Burrows-Wheeler Alignment Tool
BWA is a fast light-weighted tool that aligns relatively short sequences (queries) to a sequence database (targe), such as the human reference genome. It implements two different algorithms, both based on Burrows-Wheeler Transform (BWT). The first algorithm is designed for short queries up to ~200bp with low error rate (<3%). It does gapped global alignment w.r.t. queries, supports paired-end reads, and is one of the fastest short read alignment algorithms to date while also visiting suboptimal hits.
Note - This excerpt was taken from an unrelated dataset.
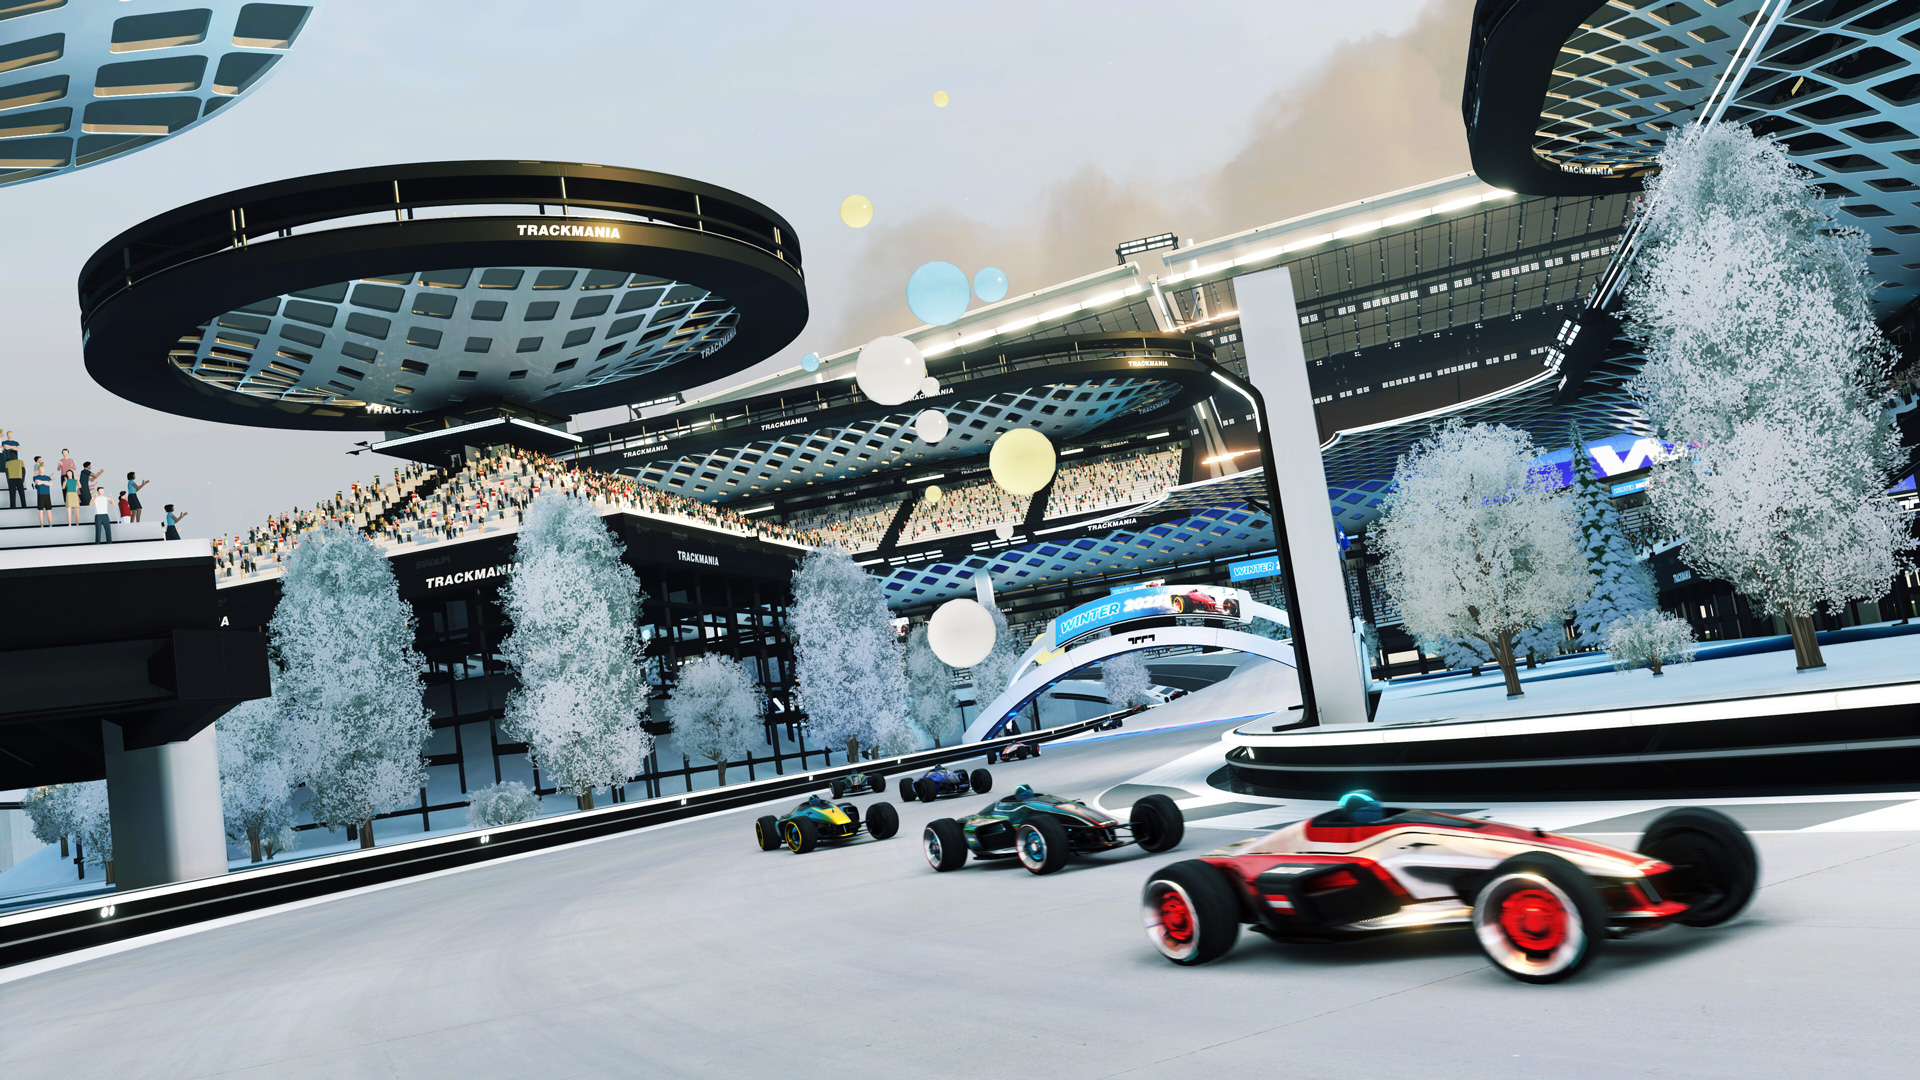 Let the show begin with many new Trackmania blocks and items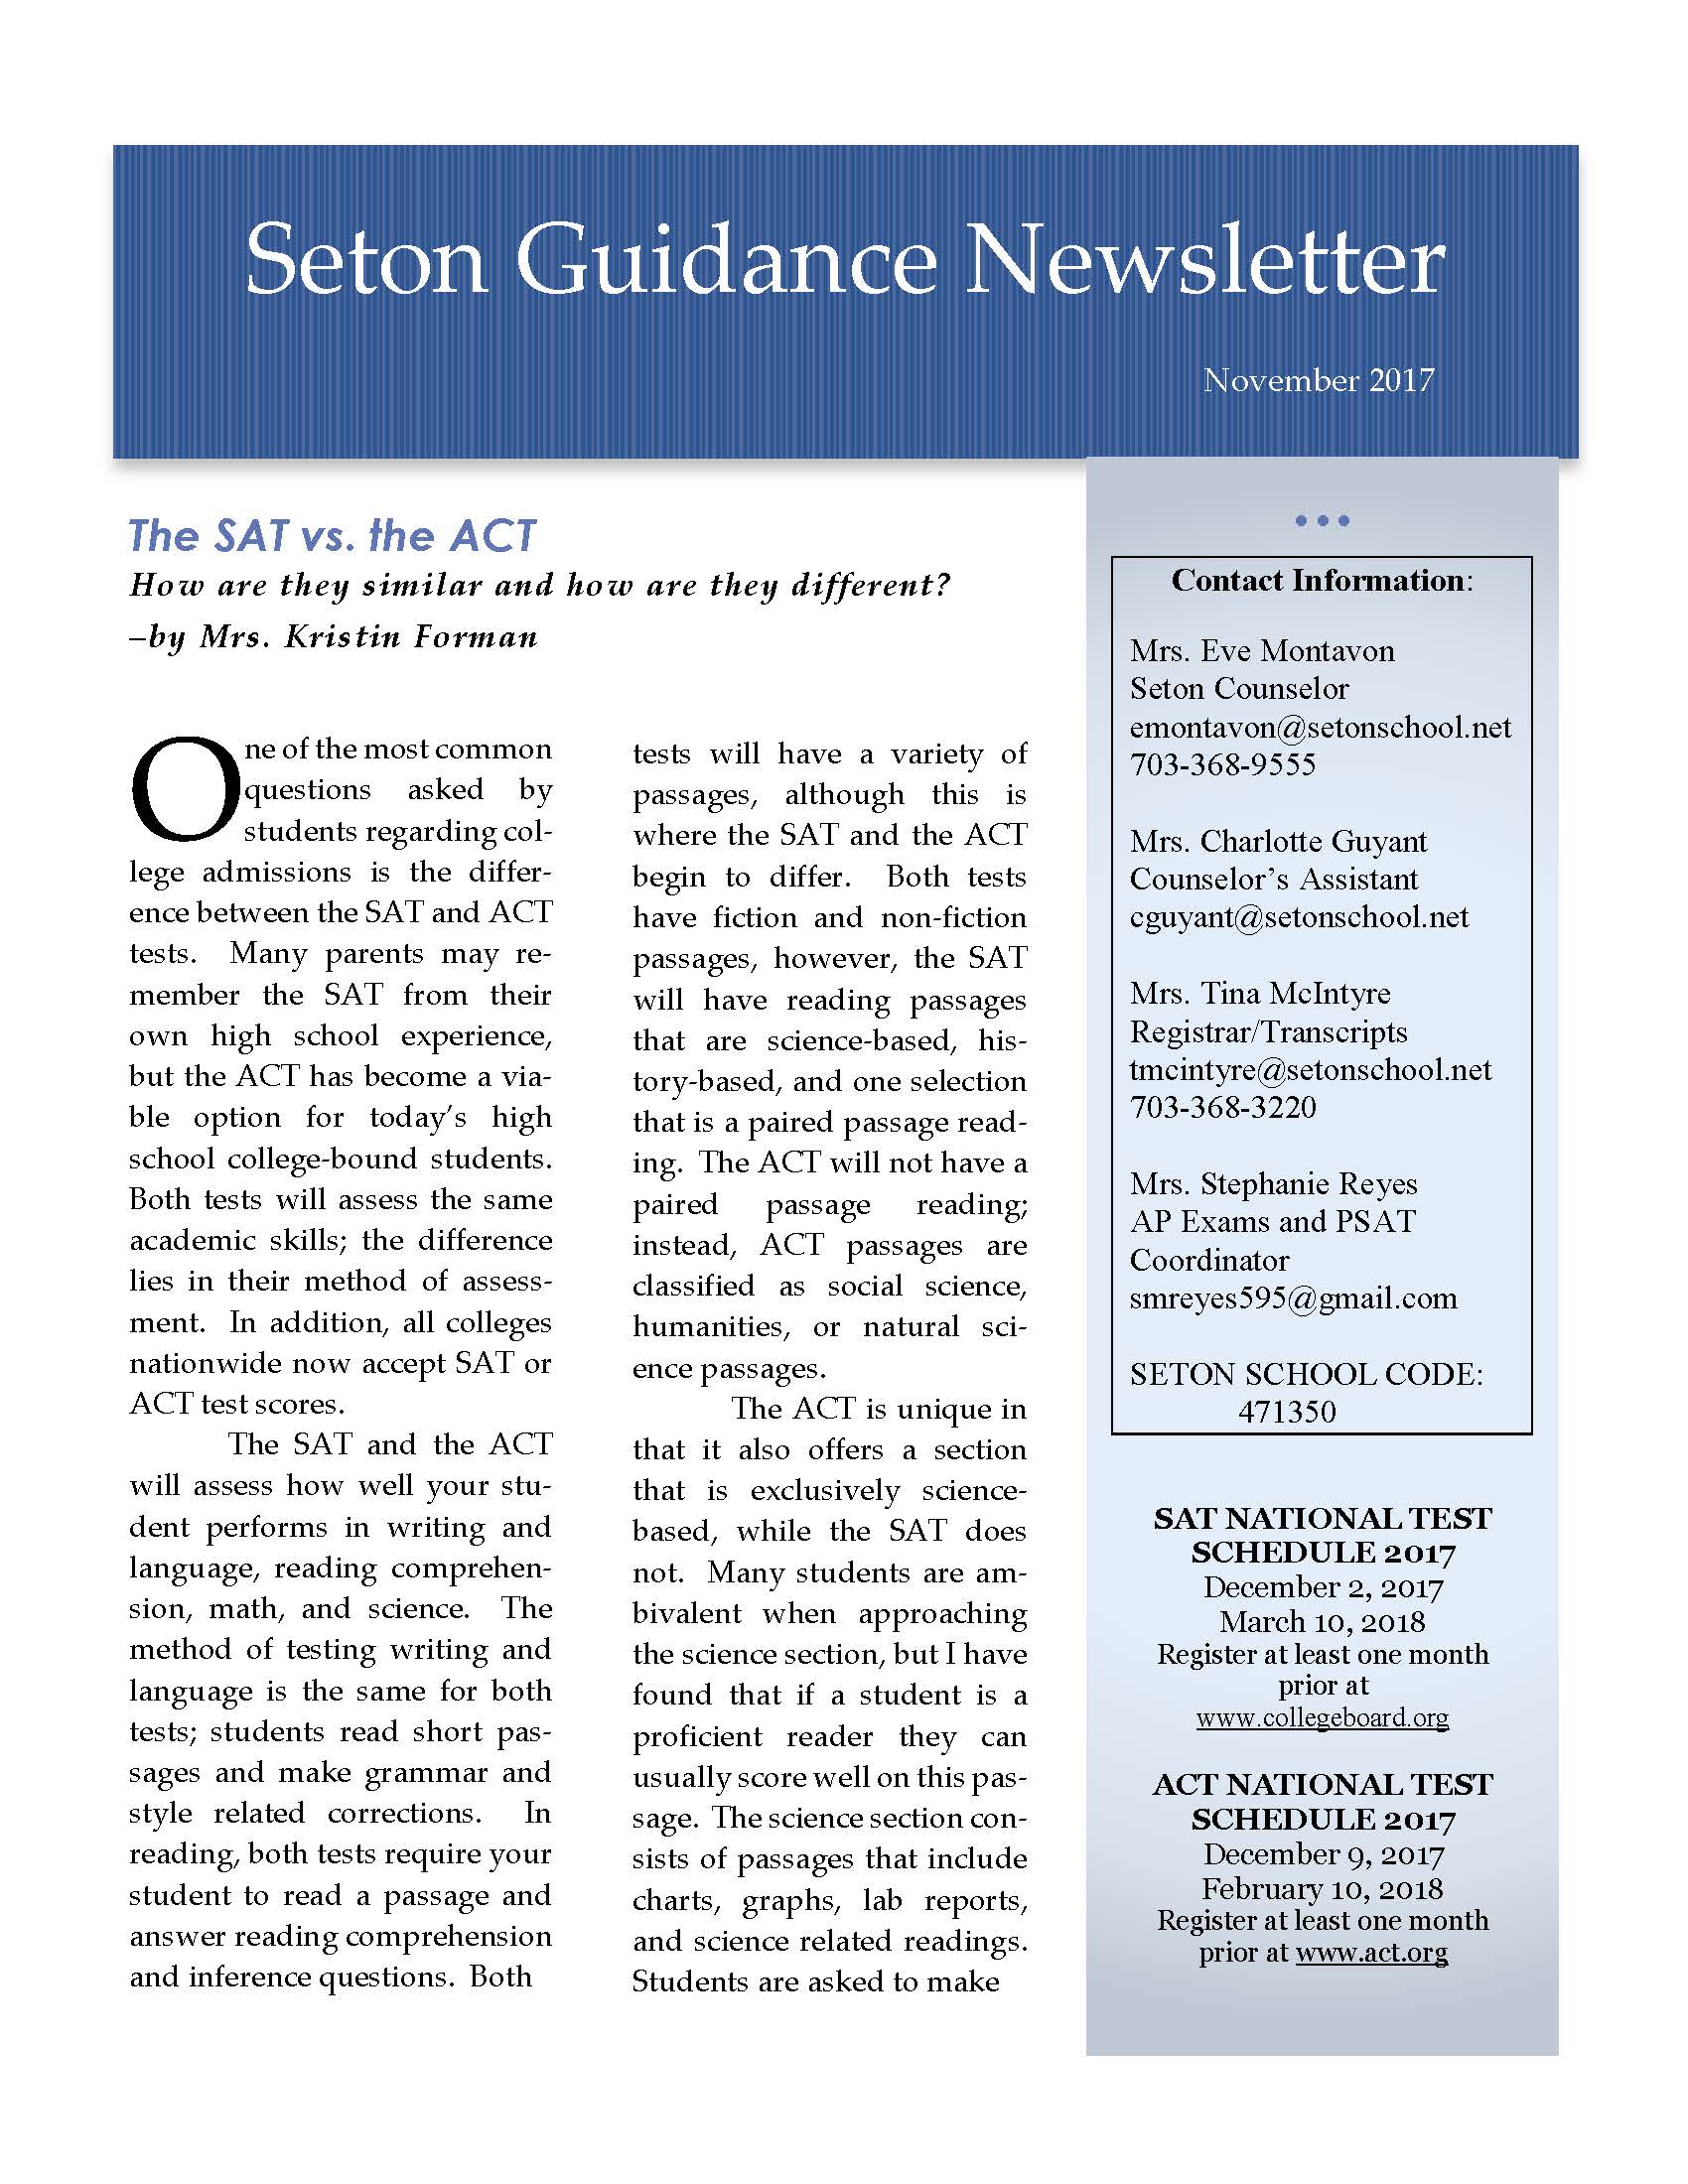 May 2017 Guidance Newsletter

The second algorithm, BWA-SW, is designed for long reads with more errors. It performs heuristic Smith-Waterman-like alignment to find high-scoring local hits (and thus chimera). On low-error short queries, BWA-SW is slower and less accurate than the first algorithm, but on long queries, it is better.
For both algorithms, the database file in the FASTA format must be first indexed with the ‘index’ command, which typically takes a few hours. The first algorithm is implemented via the ‘aln’ command, which finds the suffix array (SA) coordinates of good hits of each individual read, and the ‘samse/sampe’ command, which converts SA coordinates to chromosomal coordinate and pairs reads (for ‘sampe’). The second algorithm is invoked by the ‘bwasw’ command. It works for single-end reads only.